While CN executives continue to try to hash out how to improve the flow of freight from the port in Vancouver, Robinson said Prince Rupert holds more opportunity for material growth in the north.

“The port in Prince Rupert over the past decade has emerged as a powerhouse to be reckoned with,” Robinson said. “That story’s really just begun. Rupert had $60 billion of trade going through it in 2021 and is generating $1.4 million of economic activity in northern B.C.

“It’s the shortest sailing time to Asia, it’s the deepest natural harbour in North America and it connects to our network, which means it can get products anywhere across Canada and the United States. It facilitates our access to the Asian markets.”

Propane shipments that originated from CN tracks are heating homes and powering businesses across Asia and wood pellet exports have increased from 500,000 tonnes in 2014 to 1.5 million tonnes last year. Intermodal traffic also increased to 1.2 million containers last year.

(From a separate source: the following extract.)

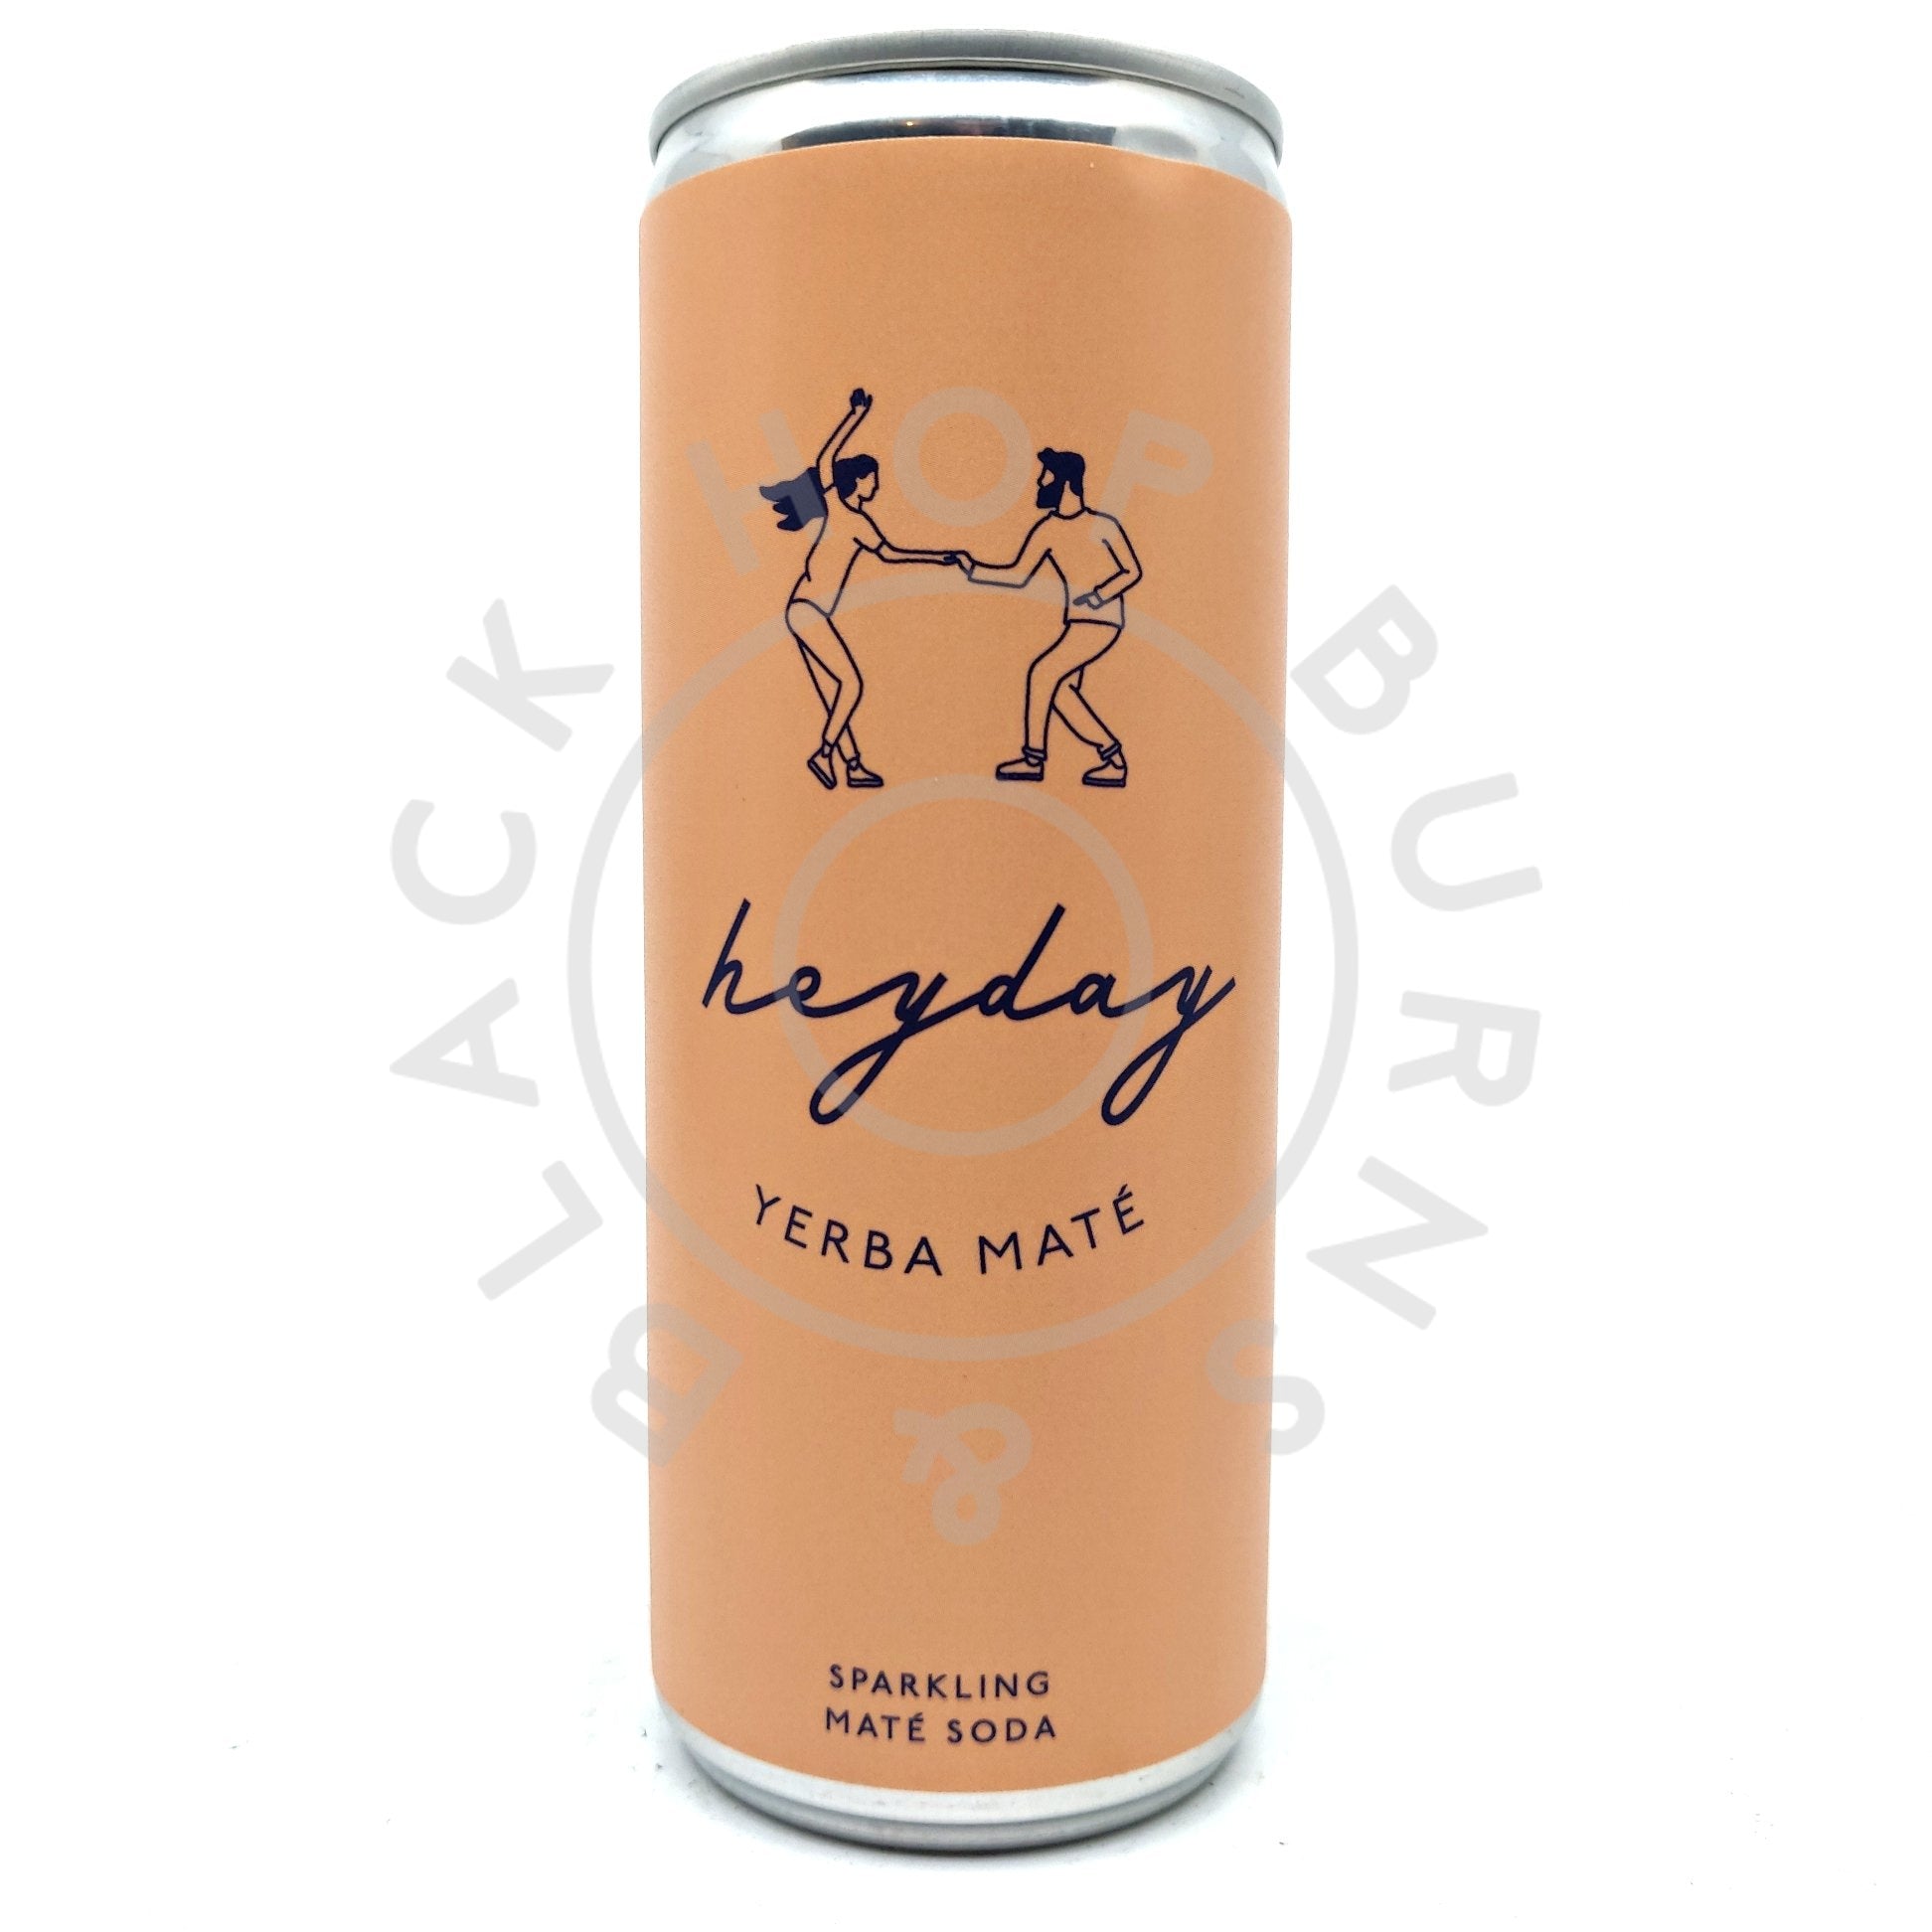 Heyday Yerba Mate Soda (250ml can)-Hop Burns & Black

“We want to invest to expand our capacity,” said Robinson. “That means longer sidings, it means reinforcing the bridges and hardening our infrastructure and it means more investment in cars and locomotives and in technology to ensure we continue to advance the safety of our operations and our efficiency.

“It’s going to mean more people, more permanent jobs in communities along our line, with good pay, strong benefits and more support for the communities along our route.”